By the end of March 2025, the country’s total public debt stood at Rs 76.01 trillion. That includes Rs 51.52 trillion in domestic borrowing (roughly $180 billion) and Rs 24.49 trillion (around $87.4 billion) in external loans. The external debt is made up of two parts: money borrowed by the government and funds drawn from the International Monetary Fund (IMF).
This debt has built up over years of economic mismanagement, stop-gap funding, and repeated bailouts. But this year’s repayment demand has exposed just how little room the government has left to manoeuvre.
Lifeline or liability? $12 billion in temporary deposits
Of the $23 billion Pakistan must repay this year, $12 billion comes in the form of temporary deposits from four so-called friendly nations, as reported by PTI. These are:
- $5 billion from Saudi Arabia
- $4 billion from China
- $2 billion from the UAE
- $1 billion from Qatar
These funds are not permanent and are only useful if rolled over. If any of these countries decide to pull out, Pakistan will be forced to pay them back in full this year.
The News cautioned, “The situation can worsen if friendly countries refuse to grant rollovers on their deposits, which would make it compulsory for the government to make payments.”This leaves the government heavily dependent on diplomatic goodwill, not financial strength. And there are signs that even goodwill is wearing thin.
$11 billion still to pay regardless
Even if all the temporary deposits are extended, Pakistan must still cough up around $11 billion in repayments to external creditors this year, as reported by PTI. This includes:
- $1.7 billion in international bond repayments
- $2.3 billion in commercial loan payments
- $2.8 billion to multilateral creditors including the World Bank, Asian Development Bank, Islamic Development Bank, and Asian Infrastructure Investment Bank
- $1.8 billion in bilateral loan repayments
This pressure comes at a time when Pakistan’s foreign reserves are already under stress. The country has limited sources of fresh income and is still waiting for a new extended programme from the IMF.
Debt now consumes nearly half of federal budget
Pakistan has earmarked Rs 8.2 trillion for domestic and external debt servicing in its 2025–26 budget. That figure makes up 46.7 per cent of the total federal budget of Rs 17.573 trillion.
Put simply, nearly half the money Islamabad plans to spend this year is going towards repaying old loans.
There is now less left for development, public services, or even basic maintenance of existing infrastructure. Education, health, and social welfare continue to take a backseat while interest payments dominate national spending.
Military spending continues despite fiscal strain
Despite this bleak financial outlook, Pakistan’s defence expenditure has not slowed. While seeking bailouts and rollovers, the government has pressed ahead with large arms deals.
It has finalised a strategic partnership with Turkey, which includes a $900 million drone deal and more than 700 loitering munitions. The partnership also covers intelligence sharing and broader security cooperation.

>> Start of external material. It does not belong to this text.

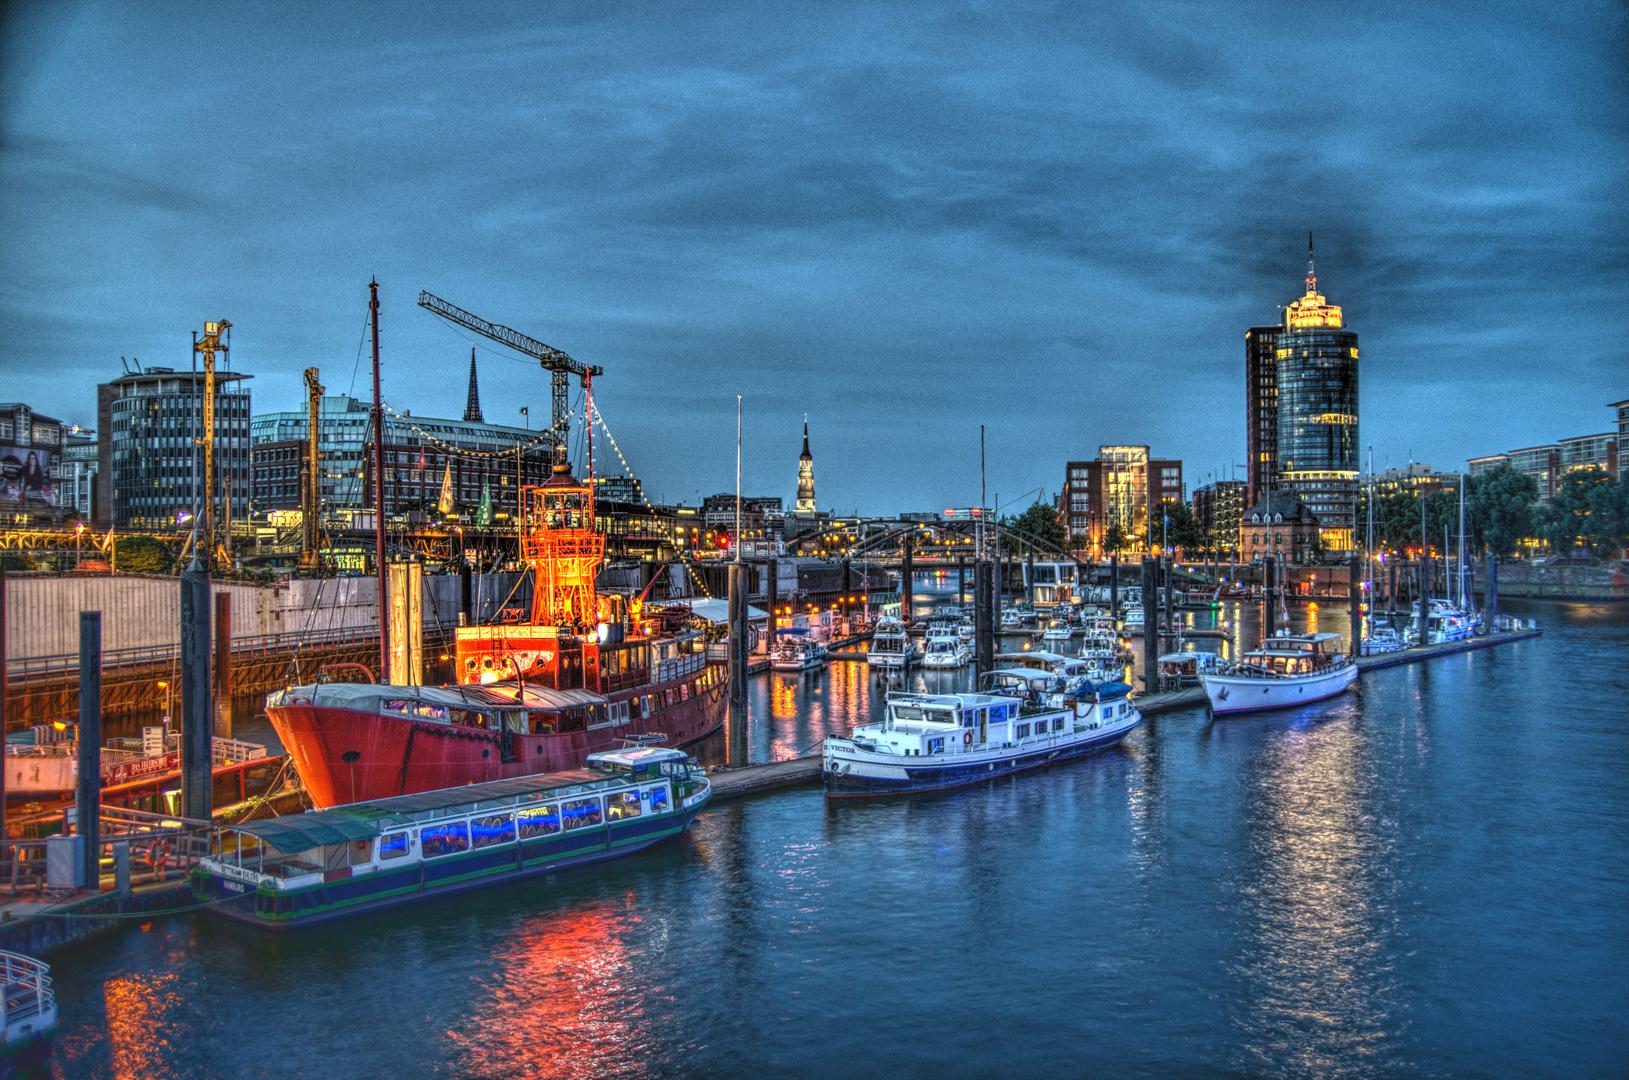 HH - Feuerschiff by night

The alliance has been described as one meant to “do jihad against India” by military sources cited in reports. There are also ambitious trade goals of $5 billion tied into the arrangement.
Additionally, Pakistan is reportedly acquiring 40 J-35A stealth fighter jets from China, supposedly at a discounted rate.
These deals reflect the enduring priority given to military parity, particularly with India, even as the country’s own economy remains fragile.
A crisis years in the making
Pakistan’s current position is the result of decades of reckless borrowing, lack of fiscal discipline, and a powerful military establishment unwilling to scale back.
The military, which has long seen itself as the guardian of national stability, has also been a major recipient of foreign aid and loans. Much of that money, critics say, has gone not into productive assets or economic upliftment but into defence and patronage.
The result is a hollow economy, propped up by emergency funding, foreign deposits, and repeated IMF interventions.
While Pakistan hopes for another round of diplomatic backing, there’s no guarantee this time. Saudi Arabia has already begun demanding more reform and transparency before offering further help. China, facing its own economic headwinds, is also proceeding more cautiously.
If even one major depositor refuses to roll over its funds, Islamabad will have no choice but to pay. And with limited reserves and few avenues for quick capital, that could lead to further economic distress or forced austerity.
For now, Pakistan is racing the clock. The first repayments are due in a matter of months. And there’s little sign of a long-term fix in sight.